:: Input data ::
-------
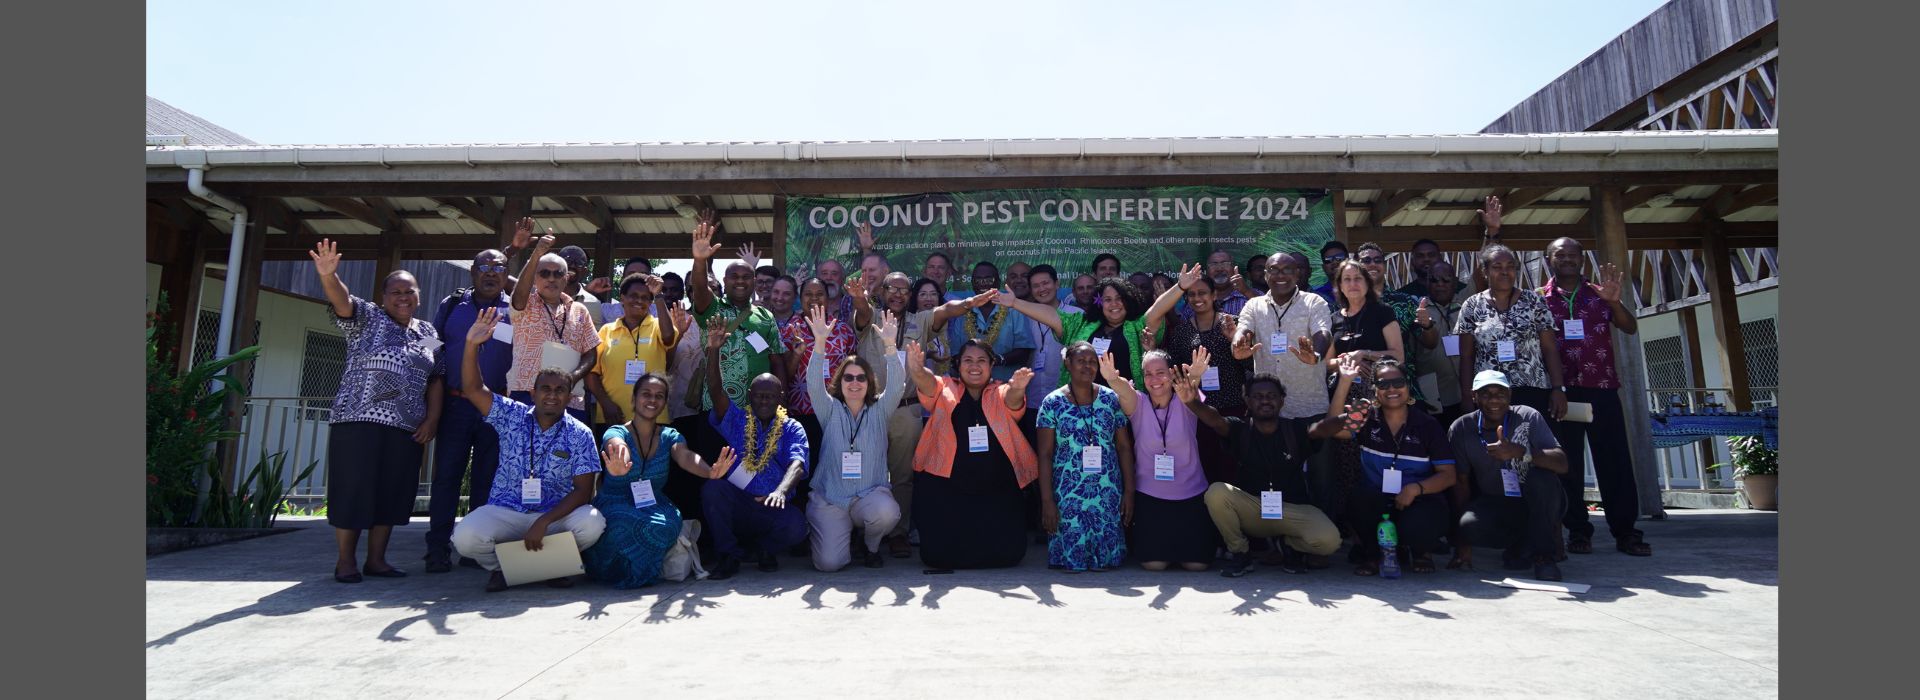 news-article-pacific-islands-coconut-pest-management-conference-highlights-collaborative-efforts-and-action-plan20240709111832.jpg
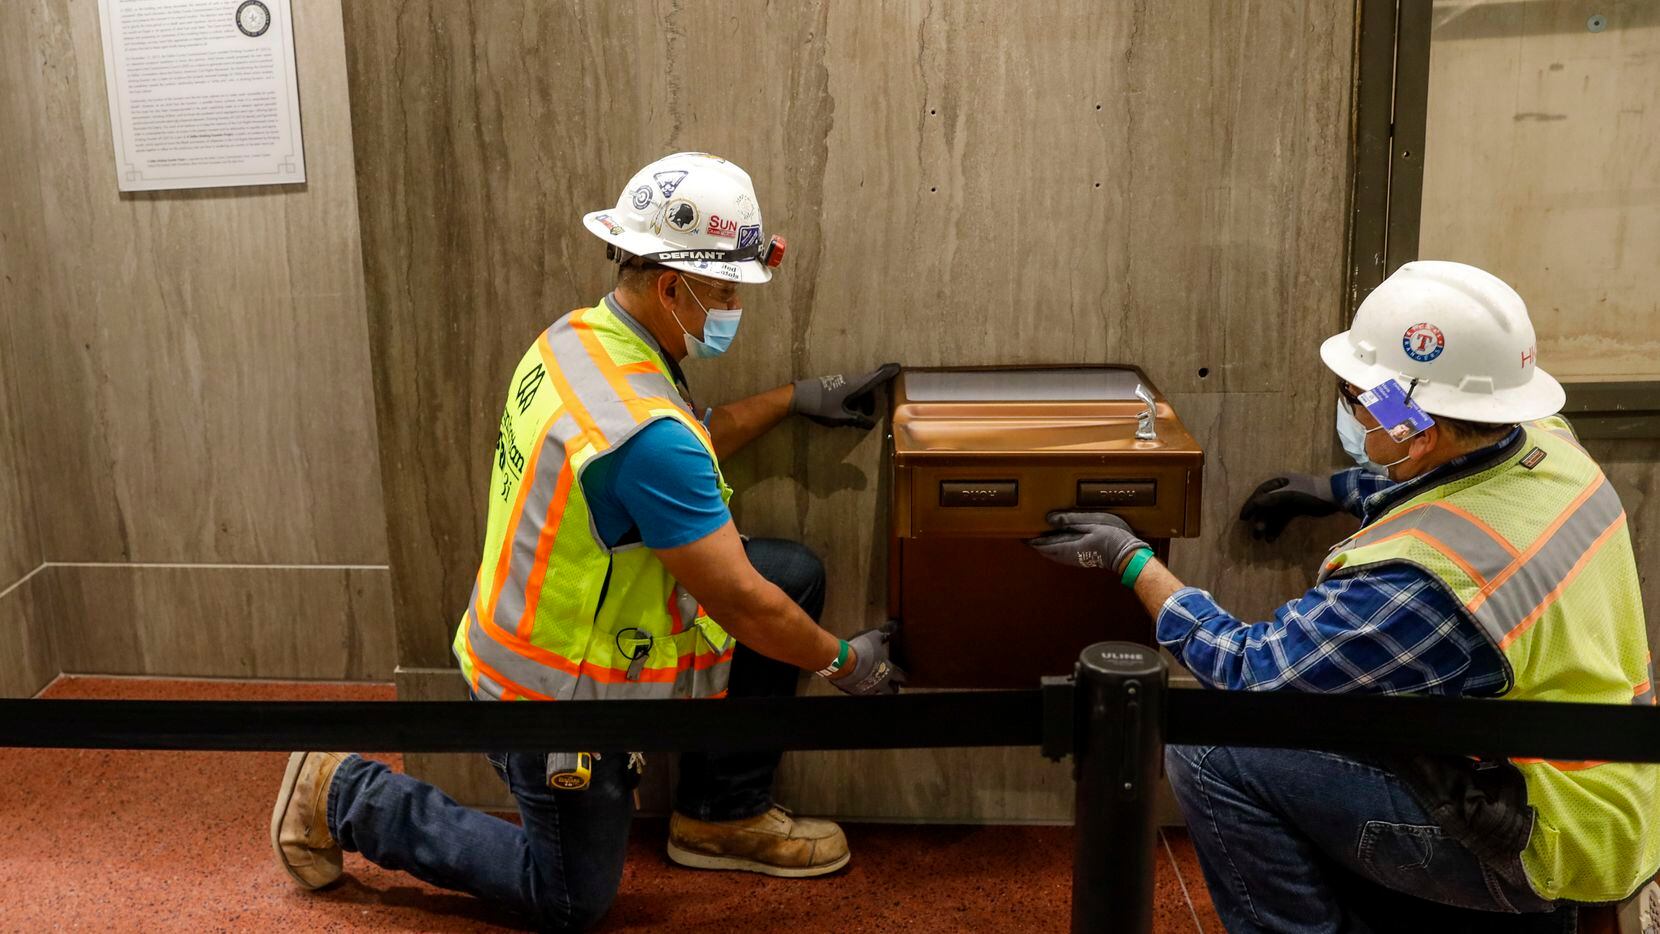 Saul Fuentes and Mario Vilatoro fit a segregation-era water fountain before it is sent for...
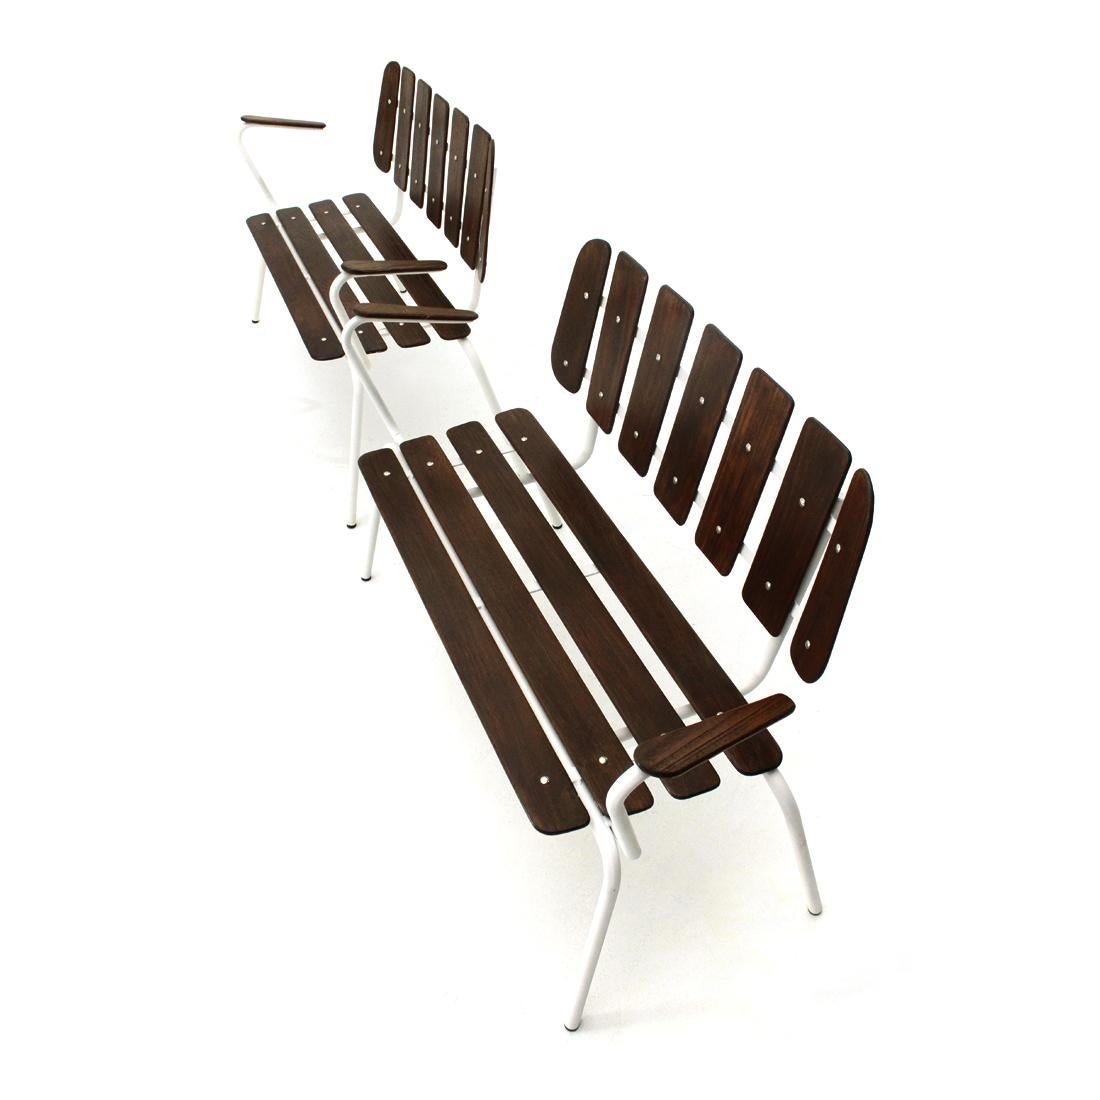 Pair of White Metal Benches with Wooden Slats, 1950s For Sale 2
-------
Restate the data above exactly, stripping out each image.

:: Output for this exercise ::
 news-article-pacific-islands-coconut-pest-management-conference-highlights-collaborative-efforts-and-action-plan20240709111832.jpg
 Saul Fuentes and Mario Vilatoro fit a segregation-era water fountain before it is sent for...
 Pair of White Metal Benches with Wooden Slats, 1950s For Sale 2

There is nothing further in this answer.